3. A farmer wishes to start a 100 sq. m. rectangular vegetable garden. Since he has only 30 meter barbed wire, he fences three sides of the garden letting his house compound wall act as the fourth side fencing. Then find the dimension of the garden.

10 m * 5 m
15 m * 5 m
20 m * 5 m
25 m * 5 m

Answer: Option C

Explanation:

From the question, 2b+l = 30
=> l = 30-2b

$\begin{aligned} Area = 100m^2 \\ => l \times b = 100 \\ => b(30-2b) = 100 \\ b^2 - 15b + 50 = 0 \\ =>(b-10)(b-5)=0 \\ \end{aligned}$
b = 10 or b = 5
when b = 10 then l = 10
when b = 5 then l = 20
Since the garden is rectangular so we will take value of breadth 5.
So its dimensions are 20 m * 5 m

4. The area of rhombus is 150 cm square. The length of one of the its diagonals is 10 cm. The length of the other diagonal is:

15 cm
20 cm
25 cm
30 cm

Answer: Option D

Explanation:

We know the product of diagonals is 1/2*(product of diagonals)

Let one diagonal be d1 and d2
So as per question

$\begin{aligned} \frac{1}{2}*d1*d2 = 150 \\ \frac{1}{2}*10*d2 = 150 \\ d2 = \frac{150}{5} = 30 \\ \end{aligned}$

5. The Diagonals of two squares are in the ratio of 2:5. find the ratio of their areas.

4:25
4:15
3:25
3:15

Answer: Option A

Explanation:

Let the diagonals of the squares be 2x and 5x.
Then ratio of their areas will be

$\begin{aligned} \text{Area of square} = \frac{1}{2}*{Diagonal}^2 \\ \frac{1}{2}*{2x}^2:\frac{1}{2}*{5x}^2 \\ 4x^2:25x^2 = 4:25 \end{aligned}$

Question Detail

The area of incircle of an equilateral triangle of side 42 cm is :

1. The base of a triangle is 15 cm and height is 12 cm. The height of another triangle of double the area having the base 20 cm is :

2. A rectangular field is to be fenced on three sides leaving a side of 20 feet uncovered.If the area of the field is 680 sq.ft, how many feet of fencing will be required ?
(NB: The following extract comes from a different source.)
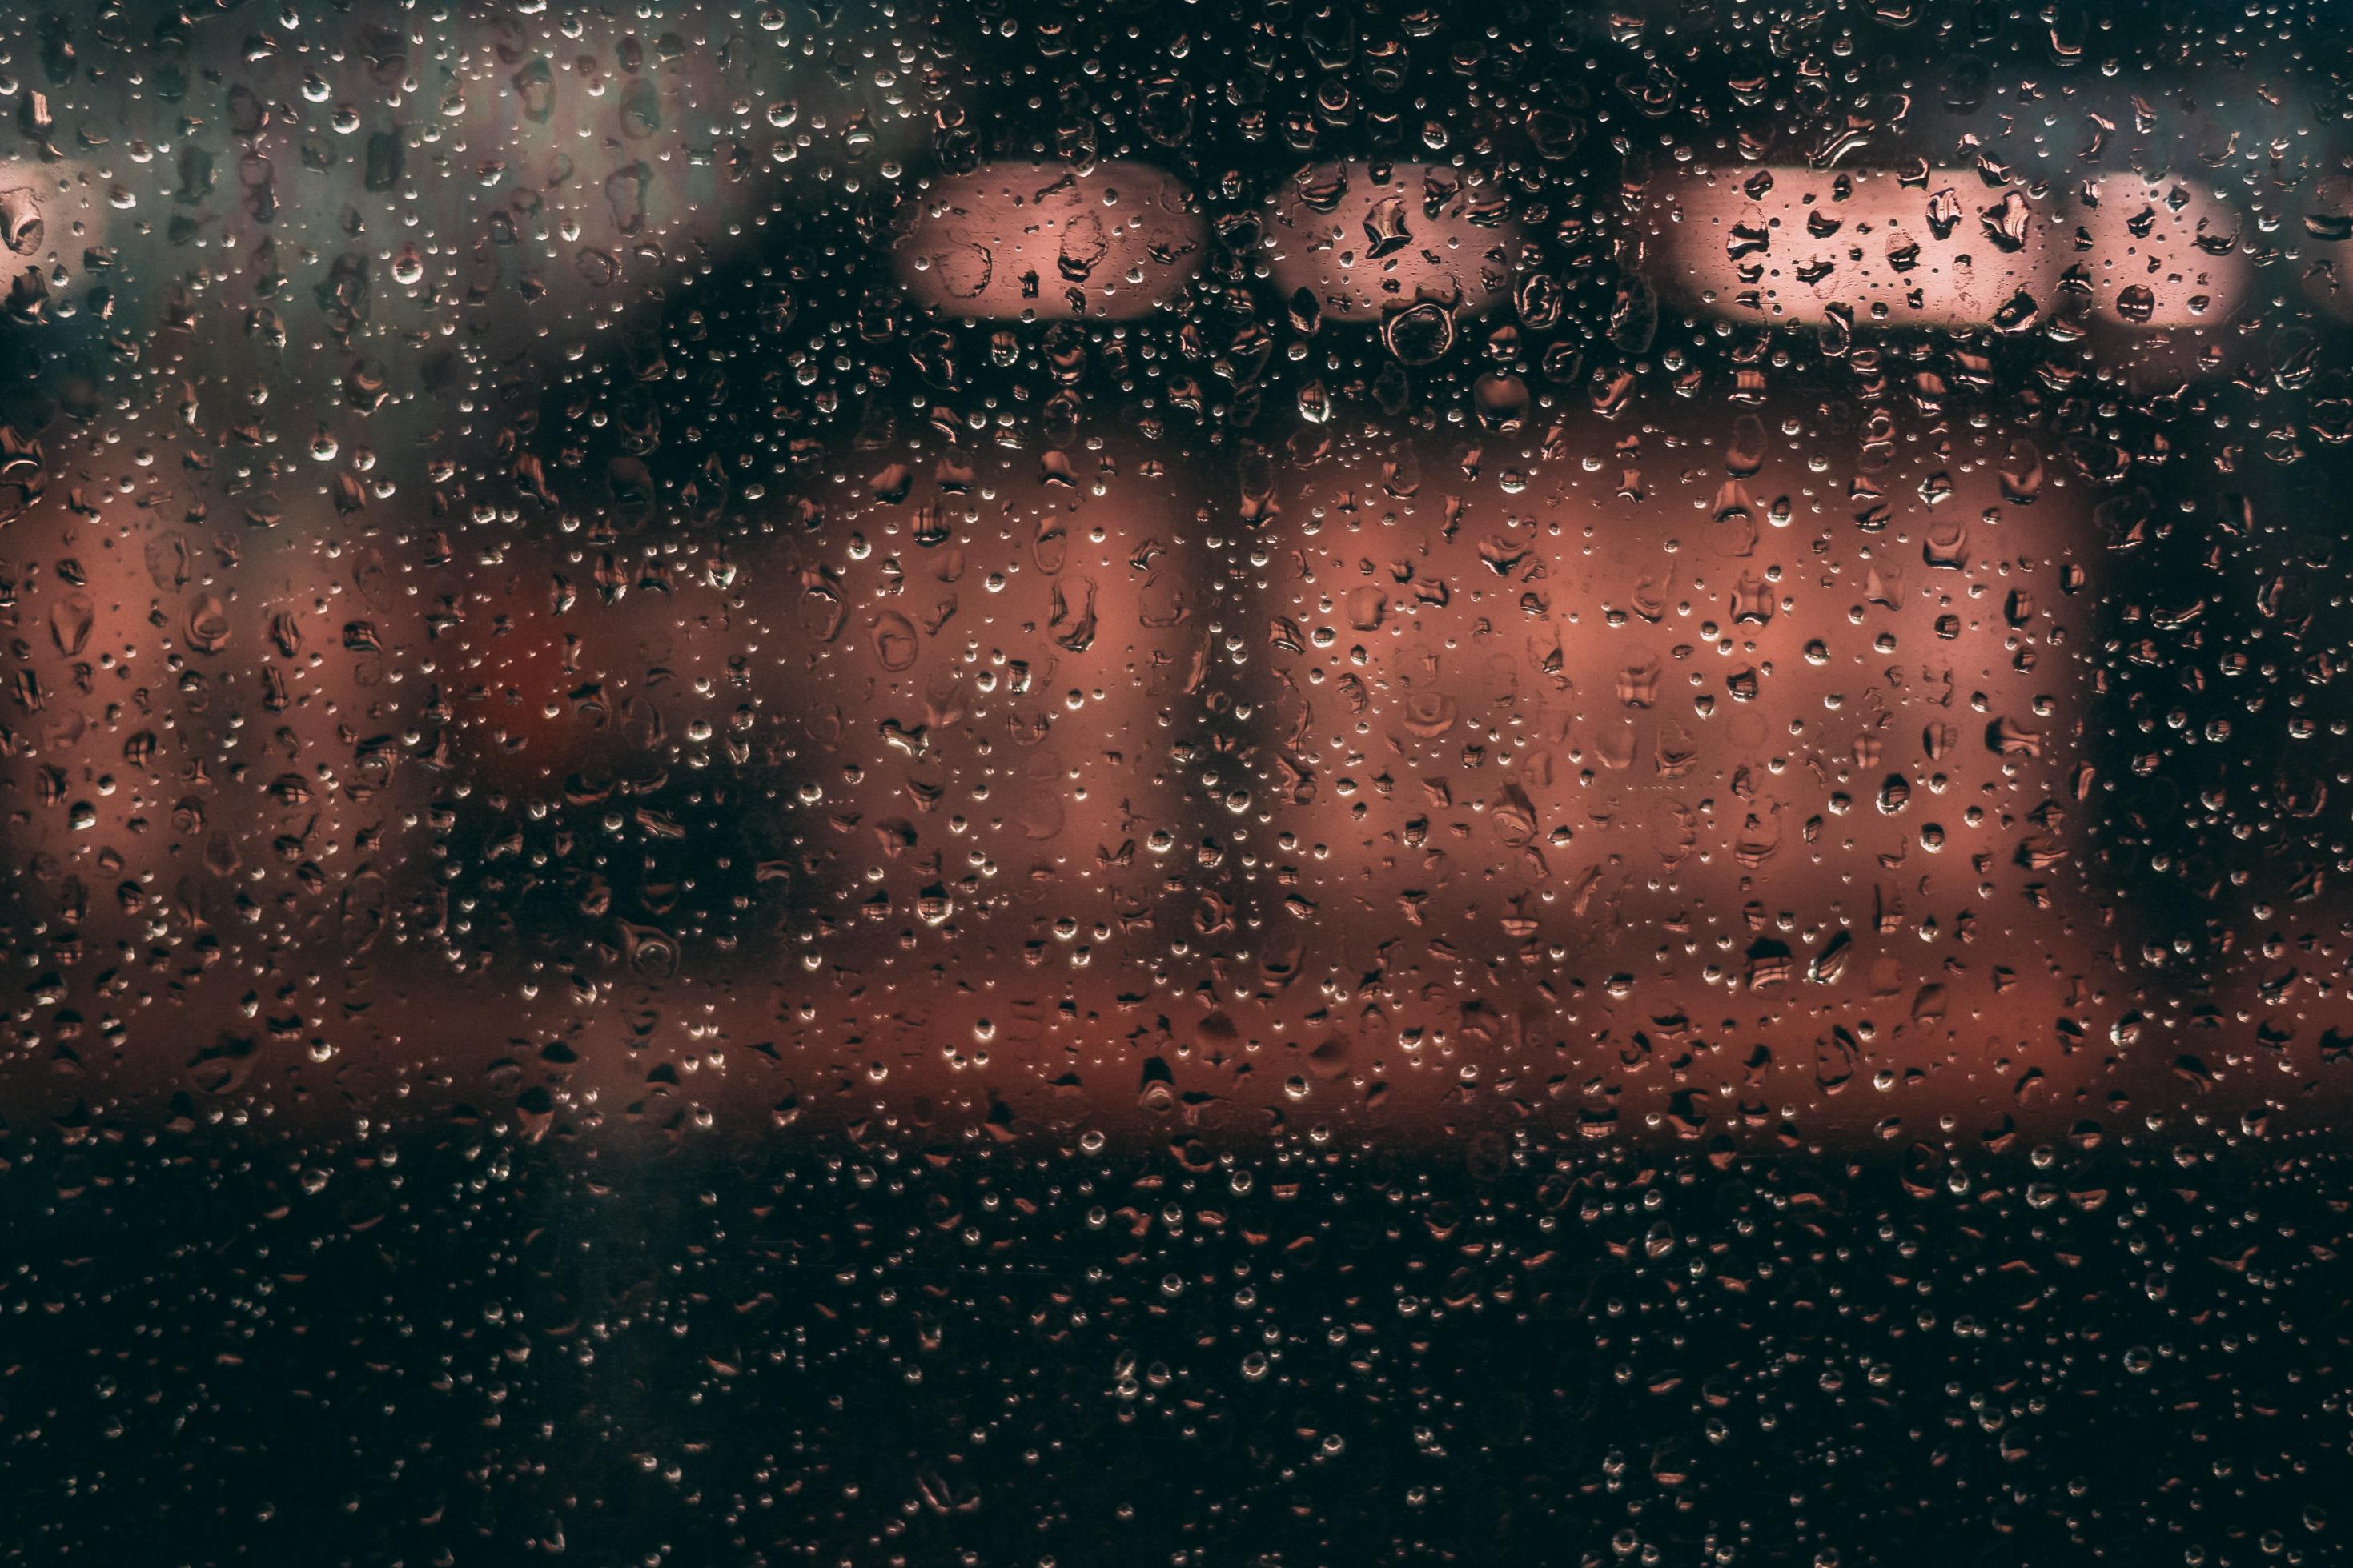 Durch eine mit Regentropfen übersäte Fensterscheibe sind unscharf die rötlichen Lichter zu erkennen, die auf einem nahen Gebäude scheinen. das Bild vermittelt das Gefühl von Isoliertheit und Abgeschiedenheit.

3. A farmer wishes to start a 100 sq. m. rectangular vegetable garden. Since he has only 30 meter barbed wire, he fences three sides of the garden letting his house compound wall act as the fourth side fencing. Then find the dimension of the garden.

4. The area of rhombus is 150 cm square. The length of one of the its diagonals is 10 cm. The length of the other diagonal is:

5. The Diagonals of two squares are in the ratio of 2:5. find the ratio of their areas.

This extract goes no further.